JOHN VINTON US. MIDDLESEX RAILROAD COMPANY.

The conductor of a street railway car may exclude or expel therefrom a person who by reason of intoxication or otherwise is in such a condition as to render it reasonably certain that by act or speech he will become offensive or annoying to other passengers therein, although he has not committed any act of offence or annoyance.

TORT against a street railway corporation to recover damages for the act of one of their conductors in expelling the plaintiff from a car in which he was a passenger.

At the trial in the superior court, before Morton, J., it appeared that the plaintiff was a passenger in one of the defendants' cars, and was expelled by the conductor. There was no evidence that any rule or regulation had ever been adopted by the defendants, authorizing their conductors to expel passengers for any cause. The defendants introduced evidence tending to show that at the time of the expulsion the plaintiff was intoxicated, and used loud, boisterous, profane and indecent language towards the conductor and attempted to strike him, and that he was therefore expelled. But the evidence on this point was conflicting. There were four women in the car as passengers.
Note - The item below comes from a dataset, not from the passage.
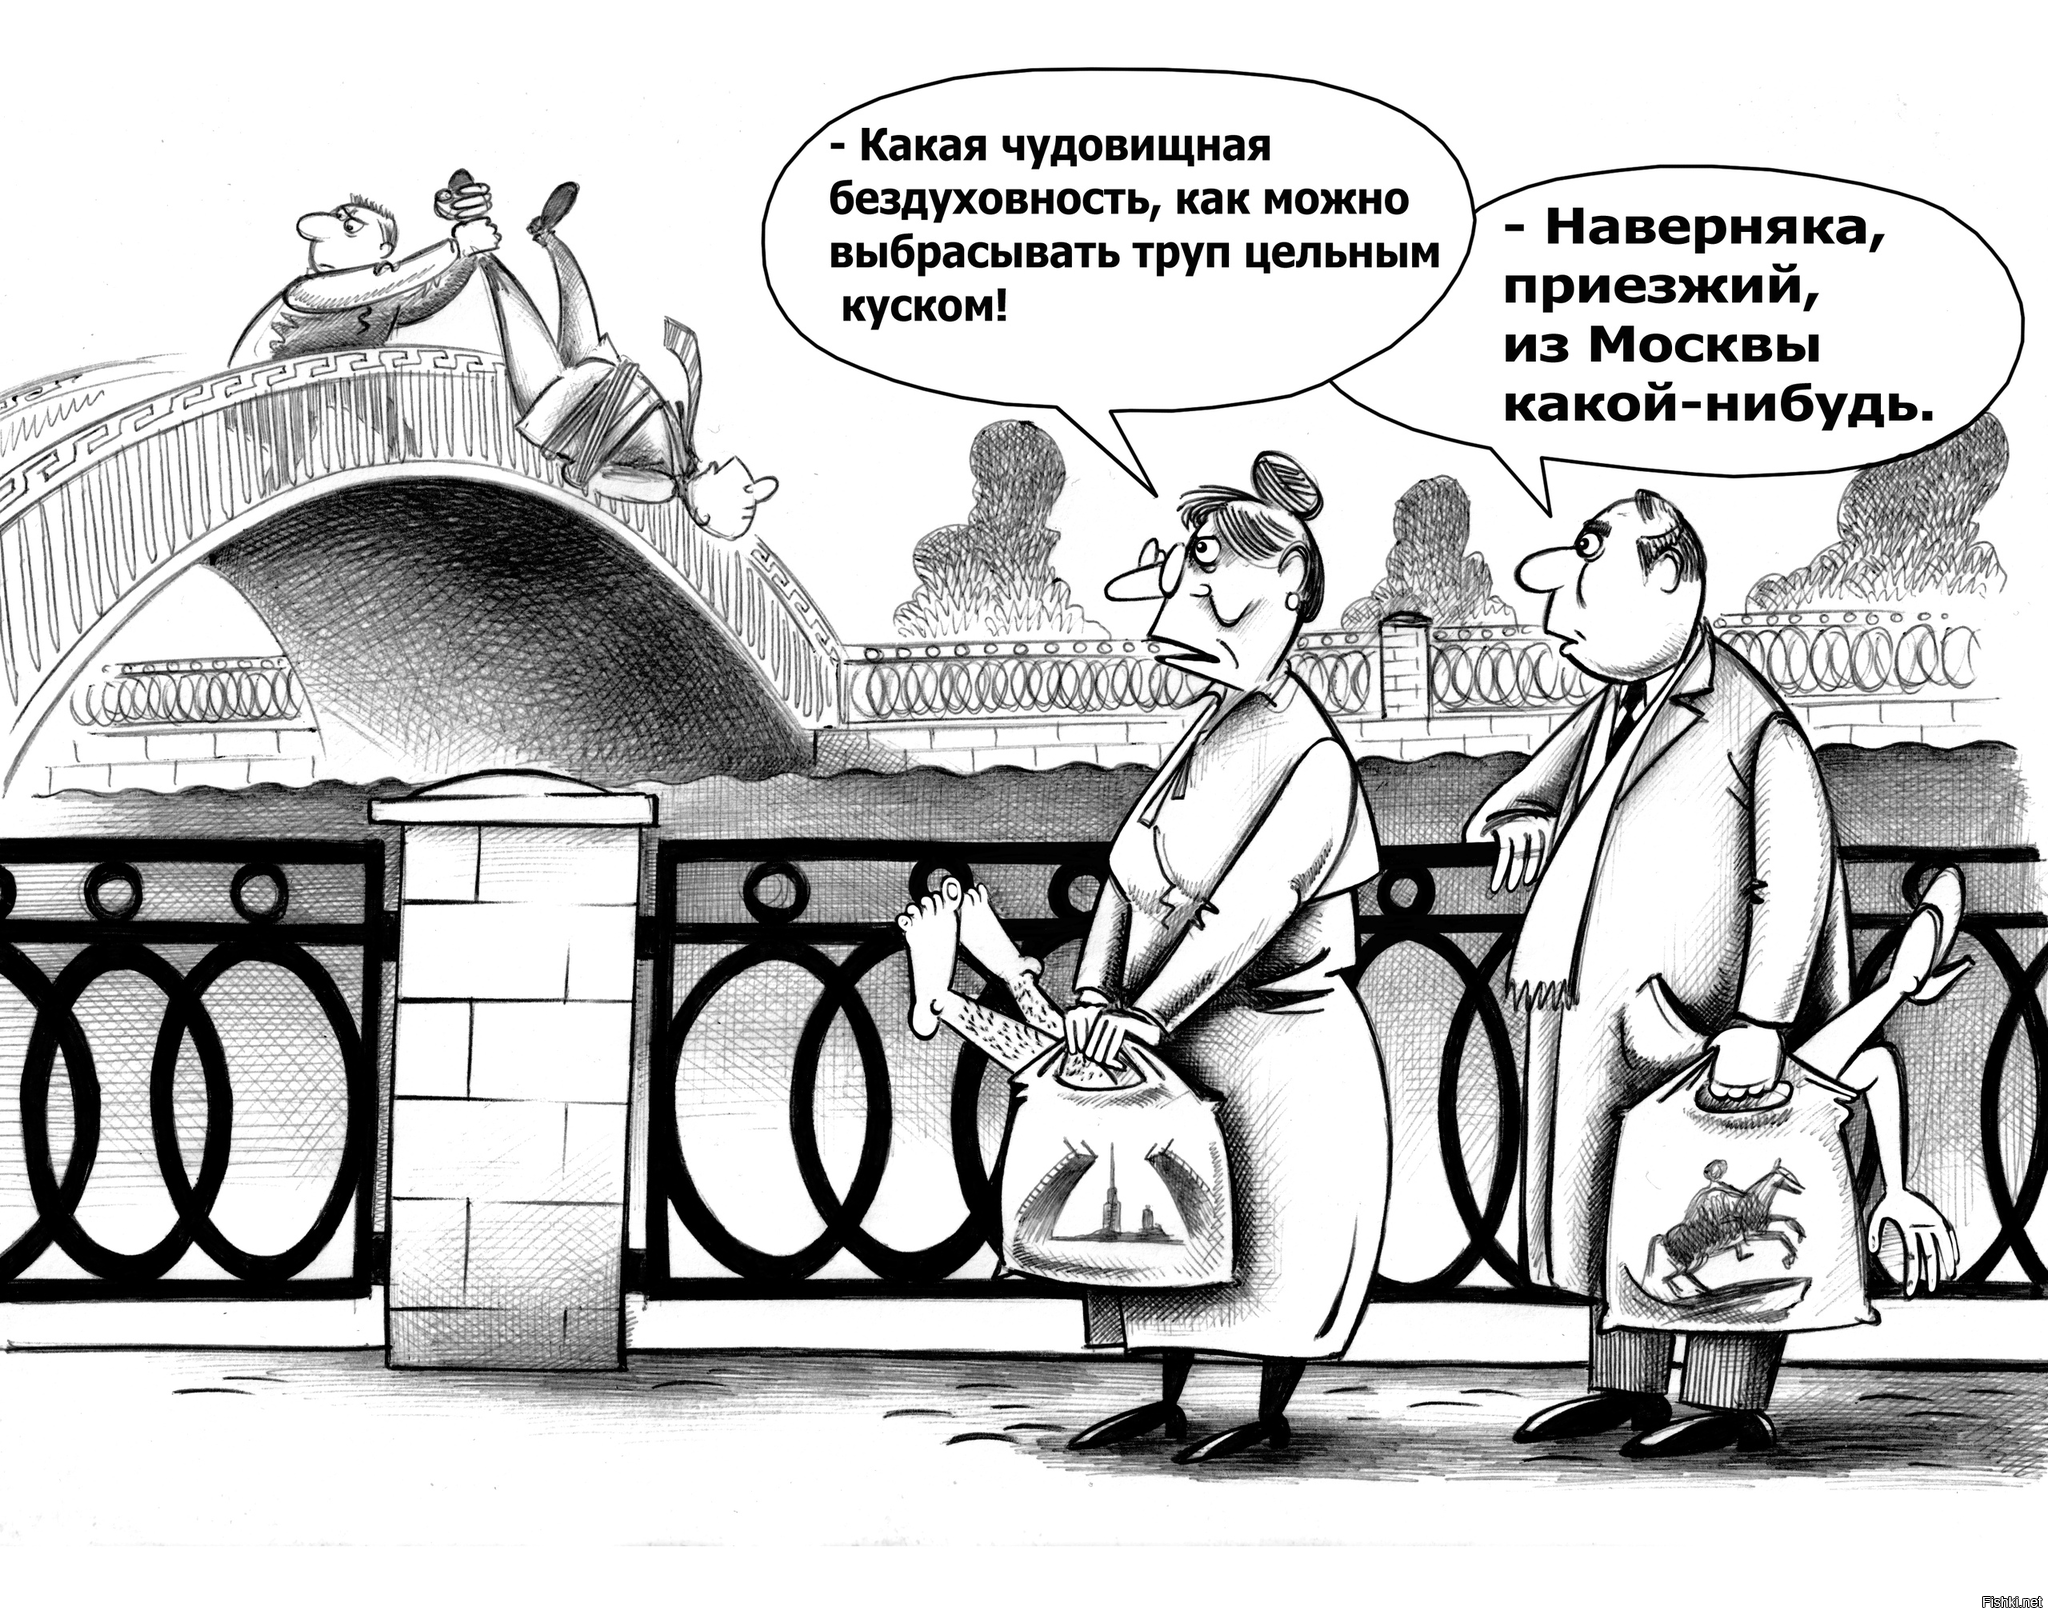 Что жители санкт петербурга называют поребриком. Шутки про Петербург и расчлененку. Карикатура. Анекдоты про Питер. Современные карикатуры.

The defendants requested the court to instruct the jury, amongst other things, as follows: "If the jury find that the plaintiff was in the defendants' car in a state of intoxication, so as reasonably to induce the conductor to believe that the plaintiff would be an annoyance to the passengers, or if the plaintiff so conducted, or used boisterous, profane or indecent language, naturally calculated to annoy the passengers, and persisted in sc doing after being requested to be quiet, the conductor would be justified in removing him, using no more violence than was necessary to effect his removal."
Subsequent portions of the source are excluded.